-
What is the correct way to rejoin a failed node when its WAL directory was lost (e.g. WAL directory residing on a tempfs of a container). Consider the following:
and then on ra1: Erlang/OTP 26 [erts-14.2] [source] [64-bit] [smp:12:12] [ds:12:12:10] [async-threads:1] [jit:ns]
Eshell V14.2 (press Ctrl+G to abort, type help(). for help)
(ra1@hostname.local)1> ErlangNodes = ['[email protected]', '[email protected]', '[email protected]'],
erpc:multicall(ErlangNodes, ra, start, []),
ServerIds = [{quick_start, N} || N <- ErlangNodes],
ClusterName = quick_start,
Machine = {simple, fun erlang:'+'/2, 0},
{ok, ServersStarted, _ServersNotStarted} = ra:start_cluster(default, ClusterName, Machine, ServerIds),
{ok, StateMachineResult, LeaderId} = ra:process_command(hd(ServersStarted), 5),
{ok, 12, LeaderId1} = ra:process_command(LeaderId, 7).
{ok,12,{quick_start,'[email protected]'}}
(ra1@hostname.local)2> ra:members({local, quick_start}).
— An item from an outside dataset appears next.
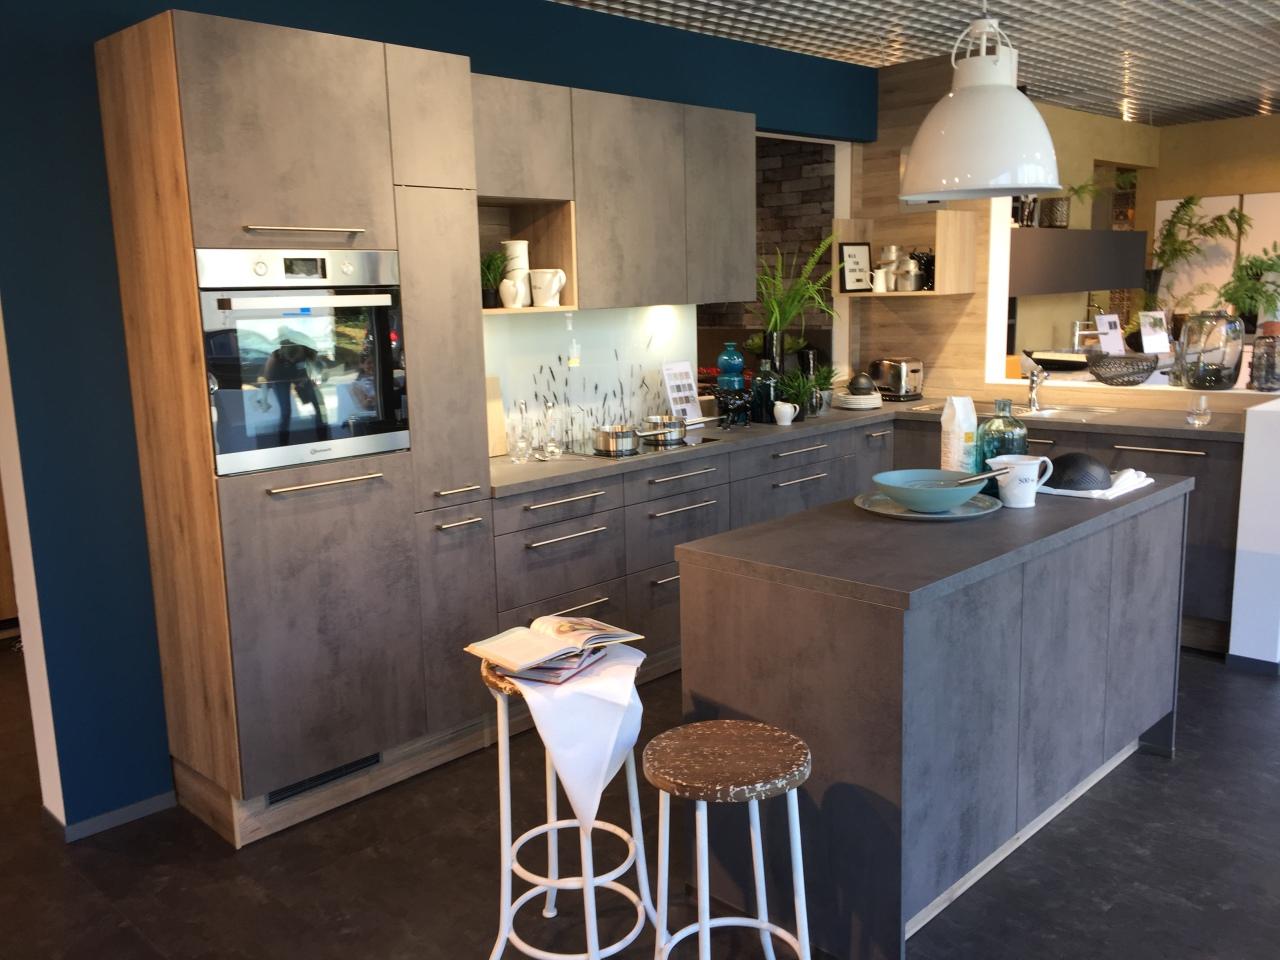 area30 das sind die k chentrends 2018 haus haushalt landleben wochenblatt f r. Black Bedroom Furniture Sets. Home Design Ideas

{ok,[{quick_start,'[email protected]'},
{quick_start,'[email protected]'},
{quick_start,'[email protected]'}],
{quick_start,'[email protected]'}}
(ra1@hostname.local)3>
$ rebar3 shell --start-clean --name ra2@hostname.local
===> Verifying dependencies...
===> Analyzing applications...
===> Compiling ra
Erlang/OTP 26 [erts-14.2] [source] [64-bit] [smp:12:12] [ds:12:12:10] [async-threads:1] [jit:ns]
Eshell V14.2 (press Ctrl+G to abort, type help(). for help)
(ra2@hostname.local)1>
$ rm -rf ra2@hostname.local/
$ rebar3 shell --start-clean --name ra2@hostname.local
===> Verifying dependencies...
===> Analyzing applications...
===> Compiling ra
Erlang/OTP 26 [erts-14.2] [source] [64-bit] [smp:12:12] [ds:12:12:10] [async-threads:1] [jit:ns]
Eshell V14.2 (press Ctrl+G to abort, type help(). for help)
(ra2@hostname.local)1> Question: what is the correct way to rejoin Doing a simple add doesn't work: Erlang/OTP 26 [erts-14.2] [source] [64-bit] [smp:12:12] [ds:12:12:10] [async-threads:1] [jit:ns]
Eshell V14.2 (press Ctrl+G to abort, type help(). for help)
(ra2@hostname.local)1> ra:start(),
ServerId = {quick_start, node()},
ClusterName = quick_start,
Machine = {simple, fun erlang:'+'/2, 0}.
{simple,fun erlang:'+'/2,0}
(ra2@hostname.local)2> ra:start_server(default, ClusterName, ServerId, Machine, []),
ra:add_member({quick_start, '[email protected]'}, ServerId).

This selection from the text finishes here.